Board Of Ed: 6th Graders Will Attend Elementary Schools

For the past 3 months, Westport educators and town officials have wrestled with the closing of Coleytown Middle School, due to mold.

Last night, the Board of Education released this statement:

The Board of Education thanks everyone who came out to our board meeting on Monday night. We appreciate all of the comments that were shared on behalf of parents, students, teachers and members of our Westport school community. As a board, we truly appreciate the passion that we all have for educational excellence in our town.

We also appreciate the words of our first selectman, Jim Marpe, who made it quite clear that he and his administration are behind us all the way, supporting the Board’s decision, as well as supporting us in our long-term plans moving forward. We are fortunate to have such great support.

As a result of all the input the Board has received, including listening to those in attendance on Monday night, the input of our Community Advisory Committee, numerous public sessions and substantial email messages and conversations and the recommendation of the Dr.

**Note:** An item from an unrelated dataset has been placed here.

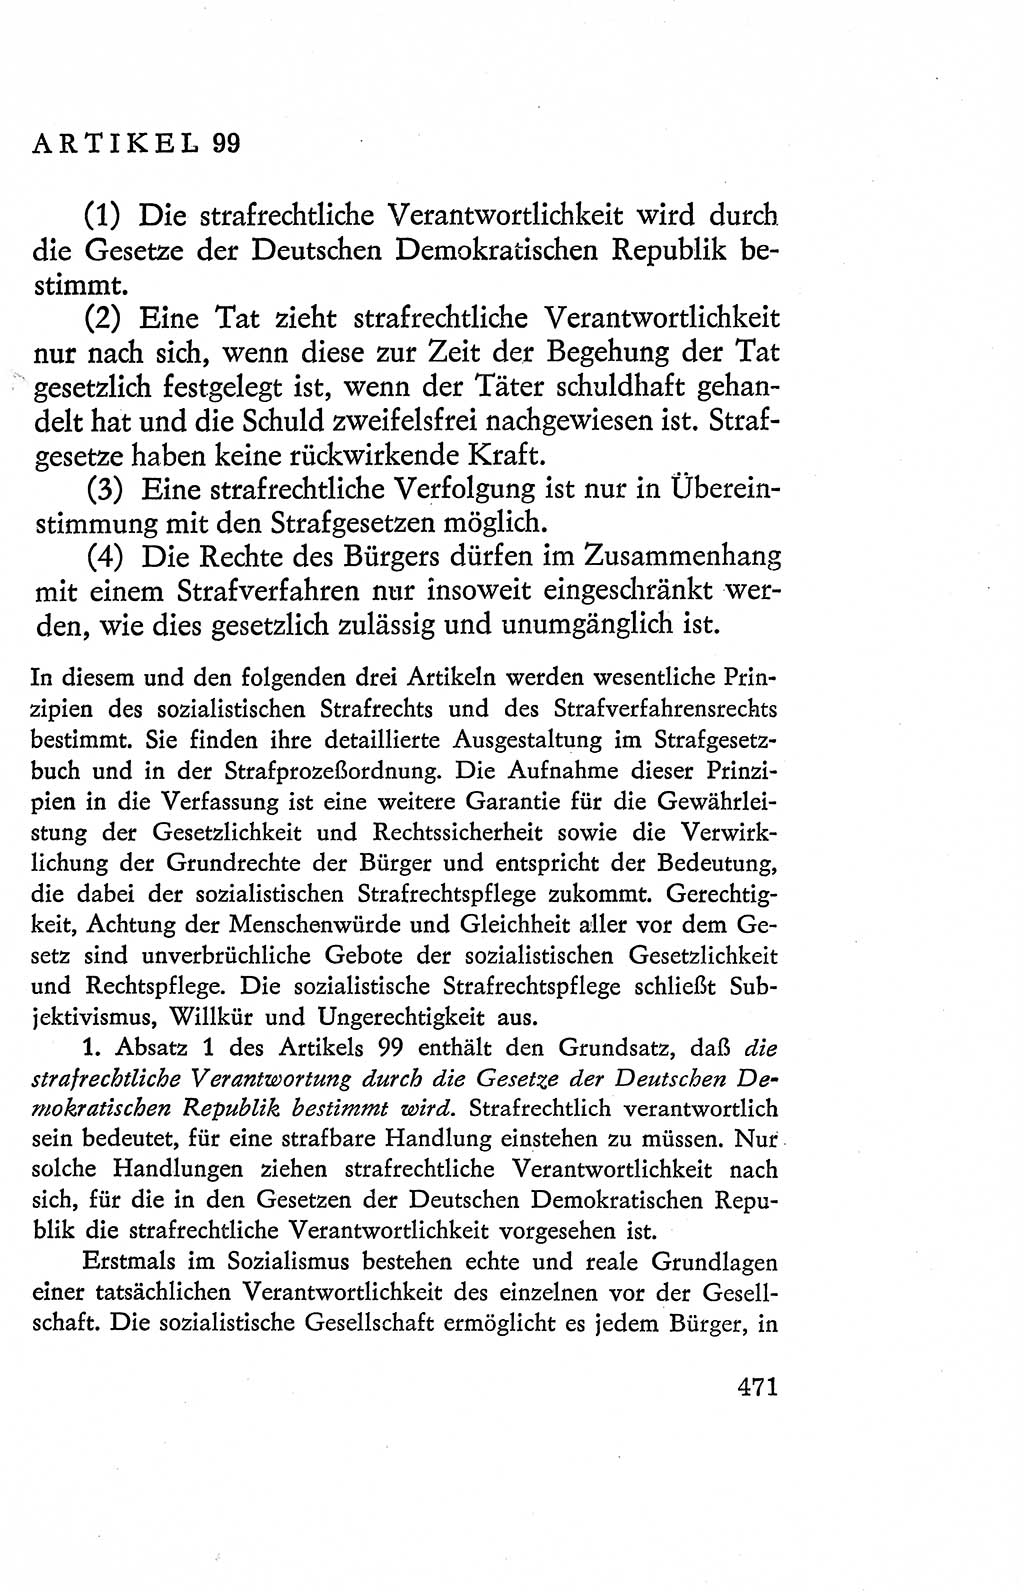 Verfassung der Deutschen Demokratischen Republik (DDR), Dokumente, Kommentar 1969, Band 2, Seite 471 (Verf. DDR Dok. Komm. 1969, Bd. 2, S. 471)

Palmer, superintendent of schools, the Board of Education deliberated and voted to have all 6th grade students attend school in Westport’s current elementary schools commencing with the 2019-20 academic year.

Long Lots is one of Westport’s 5 elementary schools. It opened in the mid-1950s as a junior high,

With this decision, we as a town are working to ensure a smooth transition for our teachers, administrators and, most importantly, our students.

The Board of Education also voted to form the “CMS Task Force” to explore options for returning Coleytown Middle School to service and to make recommendations to the Board of Education. The Board of Education will name the members of this task force in early January.

The Board of Education additionally affirmed its commitment to completing an academic and facility vision by the end of September 2019.  This will be called the NextGenEd initiative and will start in January, 2019.

With these actions, the gears are in motion for Westport to continue to provide the high level of academic excellence now and for the foreseeable future.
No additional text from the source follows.